[Source records]

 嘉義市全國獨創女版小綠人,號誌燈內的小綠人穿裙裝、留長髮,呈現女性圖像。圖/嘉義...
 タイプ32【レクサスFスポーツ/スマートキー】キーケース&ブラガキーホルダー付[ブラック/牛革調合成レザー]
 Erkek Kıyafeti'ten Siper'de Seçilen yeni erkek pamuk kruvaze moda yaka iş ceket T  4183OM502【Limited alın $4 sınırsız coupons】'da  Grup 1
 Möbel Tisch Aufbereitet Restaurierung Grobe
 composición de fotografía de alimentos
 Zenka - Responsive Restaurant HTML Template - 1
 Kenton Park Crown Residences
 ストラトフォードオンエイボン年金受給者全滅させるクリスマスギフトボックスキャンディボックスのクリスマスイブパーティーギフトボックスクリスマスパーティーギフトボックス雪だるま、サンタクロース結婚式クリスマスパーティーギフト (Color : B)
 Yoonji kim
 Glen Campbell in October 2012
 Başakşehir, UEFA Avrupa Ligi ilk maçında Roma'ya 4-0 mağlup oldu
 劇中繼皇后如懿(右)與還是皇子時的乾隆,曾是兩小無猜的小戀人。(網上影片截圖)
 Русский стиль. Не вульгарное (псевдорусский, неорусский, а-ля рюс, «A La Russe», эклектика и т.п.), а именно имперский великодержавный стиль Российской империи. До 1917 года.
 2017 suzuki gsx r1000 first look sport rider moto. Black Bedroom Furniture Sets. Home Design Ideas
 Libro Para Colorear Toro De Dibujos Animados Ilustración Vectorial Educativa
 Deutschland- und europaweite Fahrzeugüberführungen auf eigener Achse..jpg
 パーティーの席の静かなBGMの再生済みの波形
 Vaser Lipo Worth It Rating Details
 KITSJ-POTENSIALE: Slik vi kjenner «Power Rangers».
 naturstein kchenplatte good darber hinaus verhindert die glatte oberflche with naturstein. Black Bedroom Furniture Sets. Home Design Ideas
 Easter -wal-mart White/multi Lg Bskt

▶ _EXERCISE_
Please restate every line of the records exactly.

▶ _RESPONSE BOX_
 嘉義市全國獨創女版小綠人,號誌燈內的小綠人穿裙裝、留長髮,呈現女性圖像。圖/嘉義...
 タイプ32【レクサスFスポーツ/スマートキー】キーケース&ブラガキーホルダー付[ブラック/牛革調合成レザー]
 Erkek Kıyafeti'ten Siper'de Seçilen yeni erkek pamuk kruvaze moda yaka iş ceket T  4183OM502【Limited alın $4 sınırsız coupons】'da  Grup 1
 Möbel Tisch Aufbereitet Restaurierung Grobe
 composición de fotografía de alimentos
 Zenka - Responsive Restaurant HTML Template - 1
 Kenton Park Crown Residences
 ストラトフォードオンエイボン年金受給者全滅させるクリスマスギフトボックスキャンディボックスのクリスマスイブパーティーギフトボックスクリスマスパーティーギフトボックス雪だるま、サンタクロース結婚式クリスマスパーティーギフト (Color : B)
 Yoonji kim
 Glen Campbell in October 2012
 Başakşehir, UEFA Avrupa Ligi ilk maçında Roma'ya 4-0 mağlup oldu
 劇中繼皇后如懿(右)與還是皇子時的乾隆,曾是兩小無猜的小戀人。(網上影片截圖)
 Русский стиль. Не вульгарное (псевдорусский, неорусский, а-ля рюс, «A La Russe», эклектика и т.п.), а именно имперский великодержавный стиль Российской империи. До 1917 года.
 2017 suzuki gsx r1000 first look sport rider moto. Black Bedroom Furniture Sets. Home Design Ideas
 Libro Para Colorear Toro De Dibujos Animados Ilustración Vectorial Educativa
 Deutschland- und europaweite Fahrzeugüberführungen auf eigener Achse..jpg
 パーティーの席の静かなBGMの再生済みの波形
 Vaser Lipo Worth It Rating Details
 KITSJ-POTENSIALE: Slik vi kjenner «Power Rangers».
 naturstein kchenplatte good darber hinaus verhindert die glatte oberflche with naturstein. Black Bedroom Furniture Sets. Home Design Ideas
 Easter -wal-mart White/multi Lg Bskt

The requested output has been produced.